We can also say this even if the children do so contrary to the consent of the
mother. The father, by virtue of the office of fatherhood, has rights over the
wife and children, and so when the wife and children submit to the father, they
enjoy the fruits of those rights, i.e. spiritual providence and protection.
Therefore, a wife should not view her subjection to her husband as a loss of
freedom or control, but as a form of protection and providence, i.e. a means to
her own holiness and spiritual safety.
Feminism, and
by feminism is meant false feminism and not the feminism which strives to
recapture the perfections of the truly feminine, directly attacks the spiritual
and temporal protection and providence of the family. Power, like nature,
abhors a vacuum. Either the man will be head of the house or the wife will; it
is that simple. Feminists themselves are clear when they say that their
movement is about power. But what they do not realize is that by grasping for
an illusory feeling of being freed from “male domination,” they, in fact, place
themselves open to demonic domination. Once they reject the authority of their
husbands, they now become subject to the demonic since they have stepped
outside the divinely established order of authority which leaves them
unprotected and open to demonic influence. Once that occurs, the demonic can
gain greater control over their emotional and appetite life, which results in a
loss of freedom because they are now dominated by their passions.12 It is for this
reason as well as the fact that they are acting contrary to the natural law,
that happiness and false feminism are mutually exclusive.
The defect of
original sin of self will cannot be the determining factor in how women will
lead their lives. They must overcome their self-will by submitting to the
divinely given authority of the husband and the husband overcomes his self-will
because now he must tend not to self, but to the spiritual and temporal welfare
of his family. The moral of the story is that no creature ever gets absolute self-governance.

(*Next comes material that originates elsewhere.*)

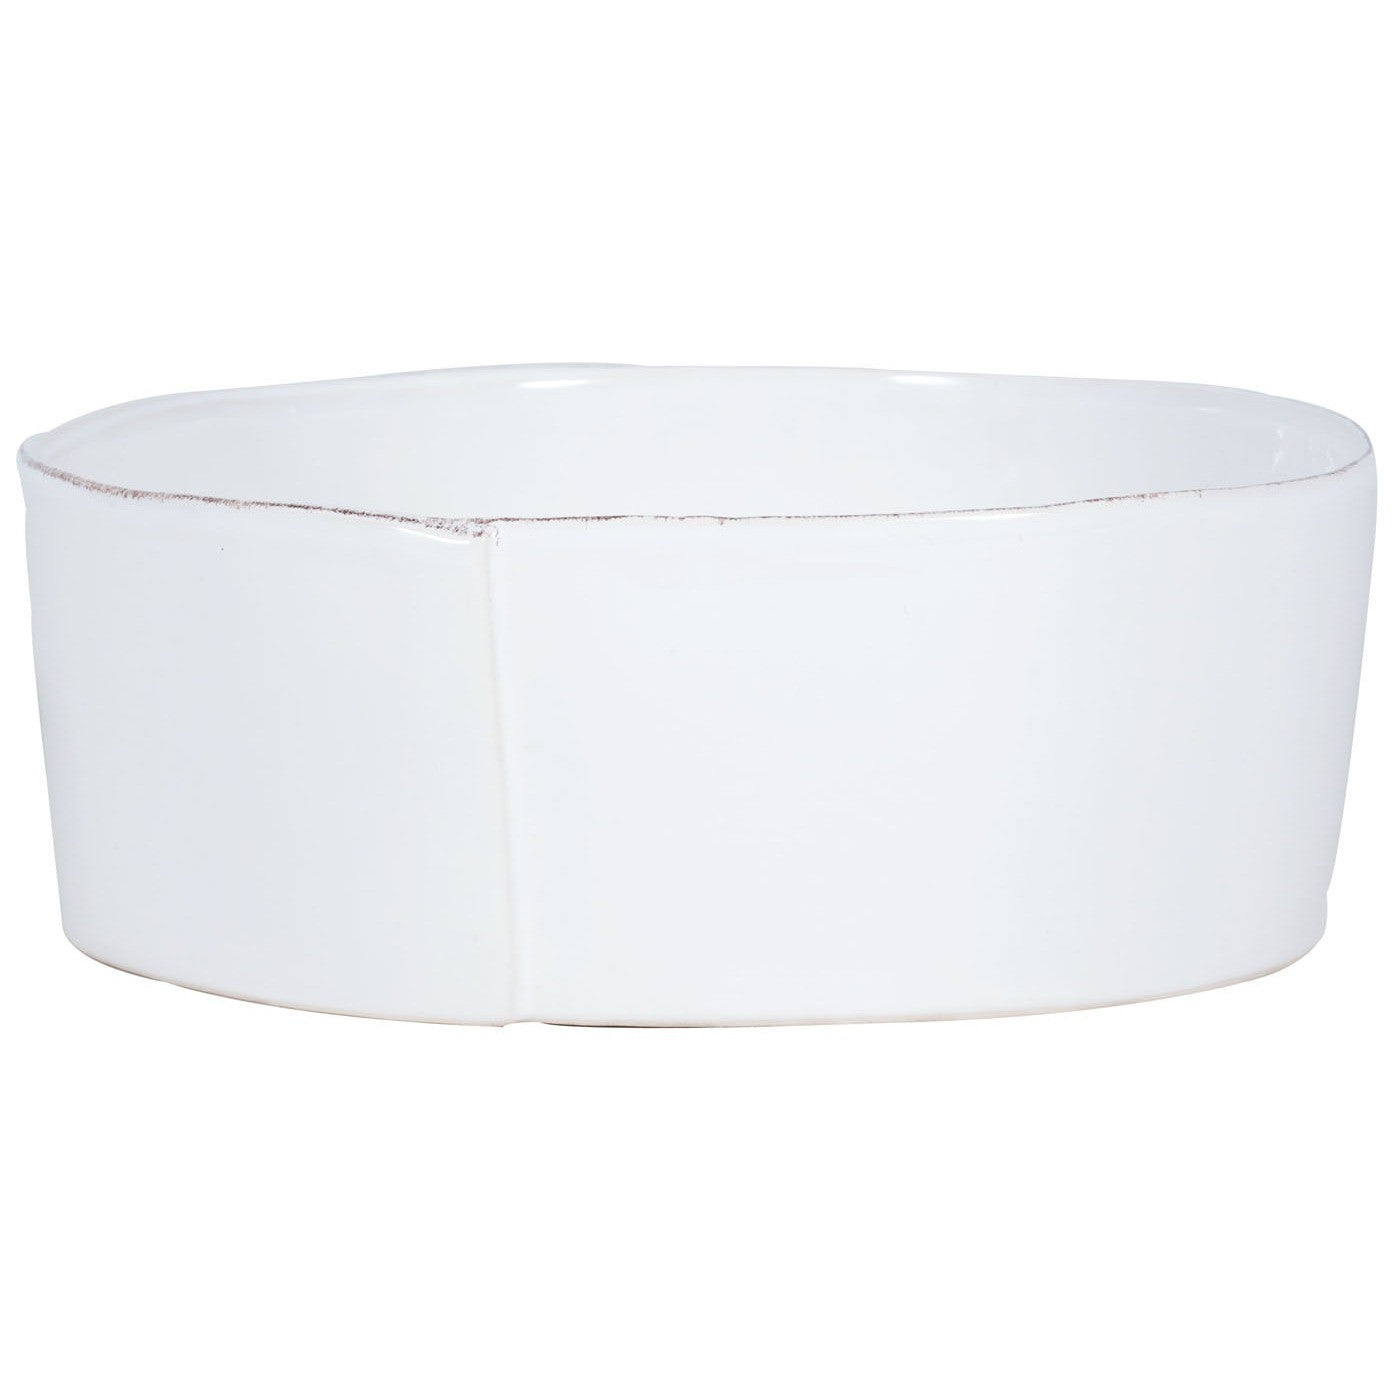 VIETRI: Lastra White Large Serving Bowl - Artistica.com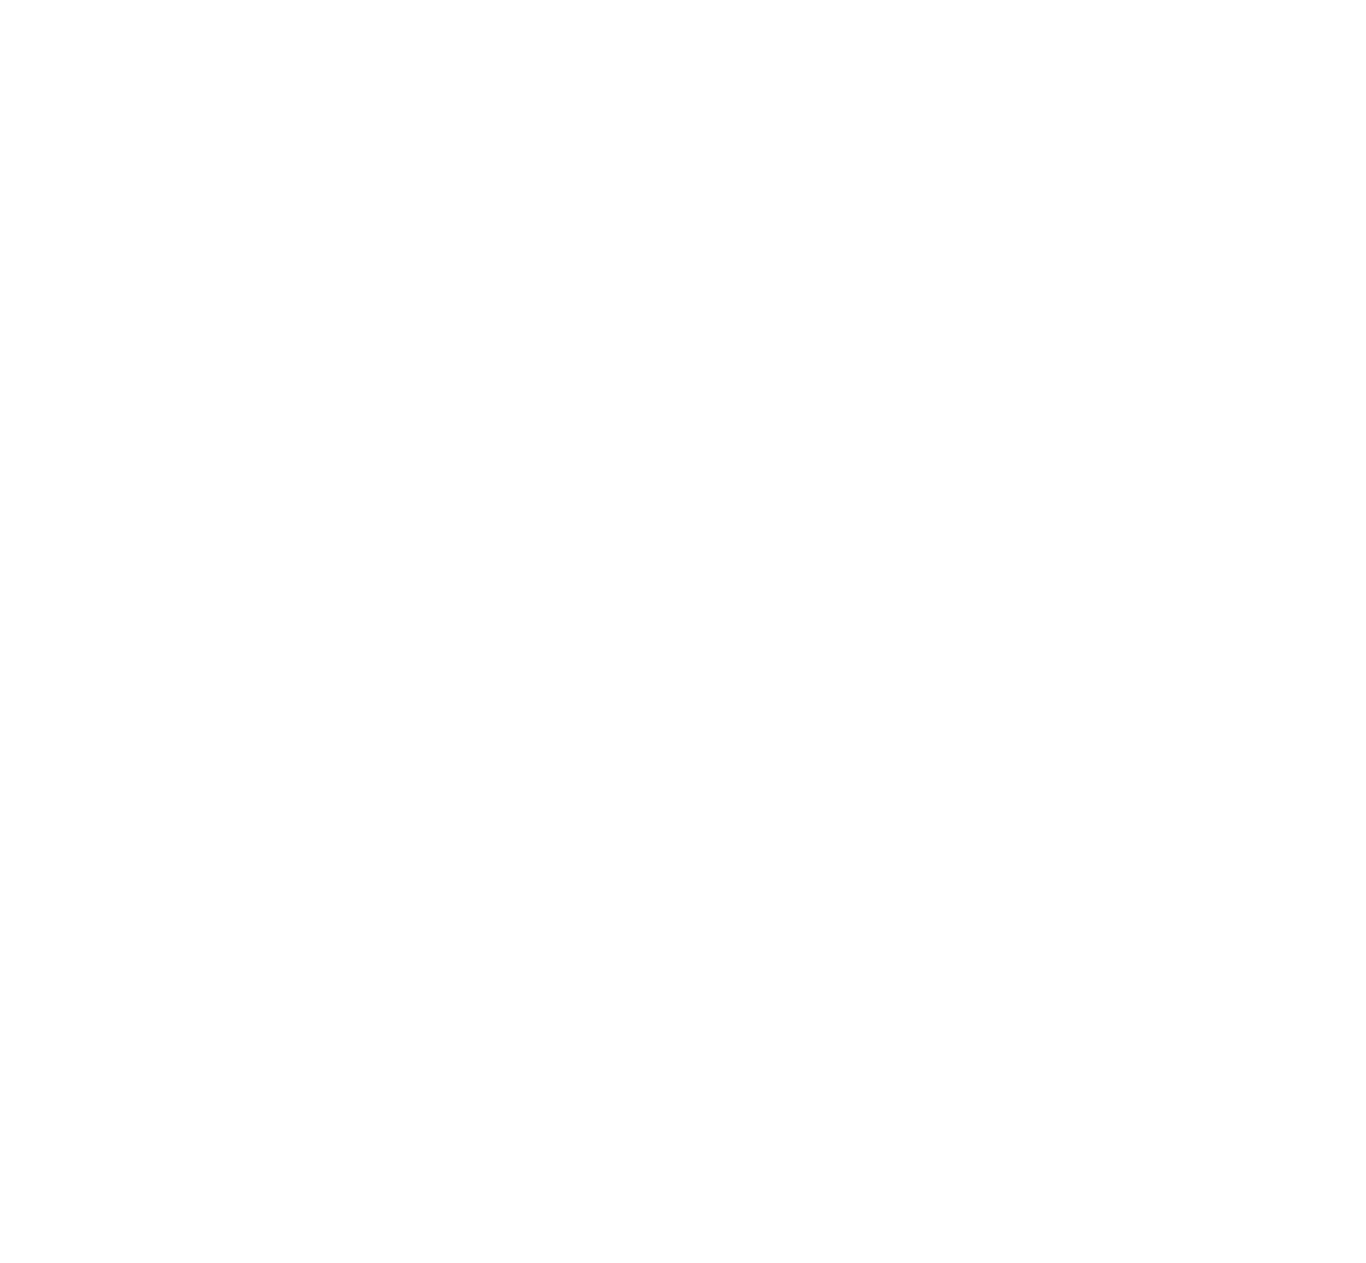 sennheiser logo large wht

Let us be clear, the feminist movement has not increased the freedom of women
but has left them slaves. Many women now must work because, with the glut of
workers in the work force, the market will only pay so much and so a husband
cannot, as a rule, sufficiently provide for his family. Feminism has locked
women into a psychological prison by fashioning the mentality of the society
into thinking that if a woman wants to stay home and take care of her children,
she is inferior, there is something wrong with her or she is setting the
feminist movement back by not being on the front lines.
Feminism has
also had the bad effect of causing the rights of fathers to diminish within
society and in the eyes of governmental officials. This has led to a general
moral and spiritual weakening of both government and society because they have
stepped out from underneath the proper hierarchy of authority which respects
the authority of the father. This has left the society as a whole unprotected
and unprovided spiritually and temporally. The allowing of divorce has had a
direct impact on this spiritual protection and providence for the children
which in turn has had a general weakening effect on men psychologically because
they no longer view themselves as head. Consequently, they no longer fulfill
their temporal and spiritual responsibilities to their wives and children.
Since the
father has a right in justice to protect his family, he also must pray for
himself so that he does not surrender his authority and allow it to be usurped
by his wife, children or others. Since his prayer stems from a right to govern
and is in congruity with the divine providential plan, it is a holy prayer and
therefore God will hear it. The husband must protect his authority, not as a means
of controlling his wife, but to make her freer, i.e. to aid her and to protect
her. He must protect his authority in order to protect his wife and it is here
that we see the massive failure that has led to our feminized culture.
The collapse
of fatherhood is not due to women; it is due to men. Because men have not been men, women have
been allowed to take positions for which God never intended them. If men would
have protected their authority, none of this ever would have happened. But
instead, men, in not having the proper self-discipline which is proper to men,
sought to please women or use them in ways which were inconsistent with true
manhood, and so they allowed women to pursue a feminist mentality. It is here
that the ultimate blame must rest; in a word, men are more responsible for the
feminist movement than women and for this reason men will pay the greater
price, and not merely in the next life. For while true feminism has become
distorted, true masculinity has been all but lost.
Other reasons
men lose their proper authority are by (a) not observing the proper authority of
the wife over the children as mother; (b) by not consulting her when prudence
dictates and (c) not treating her with the dignity that is due her, either as a
human being or according to her office as wife. We see this in conjunction to
the words of Pius XI again:
Domestic
society being confirmed, therefore, by this bond of love, there should flourish
in it that "order of love," as St. Augustine calls it. ...This
subjection, however, does not deny or take away the liberty which fully belongs
to the woman both in view of her dignity as a human person, and in view of her
most noble office as wife and mother and companion; nor does it bid her obey
her husband's every request if not in harmony with right reason or with the
dignity due to wife; nor, in fine, does it imply that the wife should be put on
a level with those persons who in law are called minors, to whom it is not
customary to allow free exercise of their rights on account of their lack of
mature judgment, or of their ignorance of human affairs.13
When a man
assumes the headship of a home, he must respect the inherent dignity of his
wife. He should not treat her in a manner inconsistent with the closest of
friendships, since marriage by nature constitutes the closest of friendships.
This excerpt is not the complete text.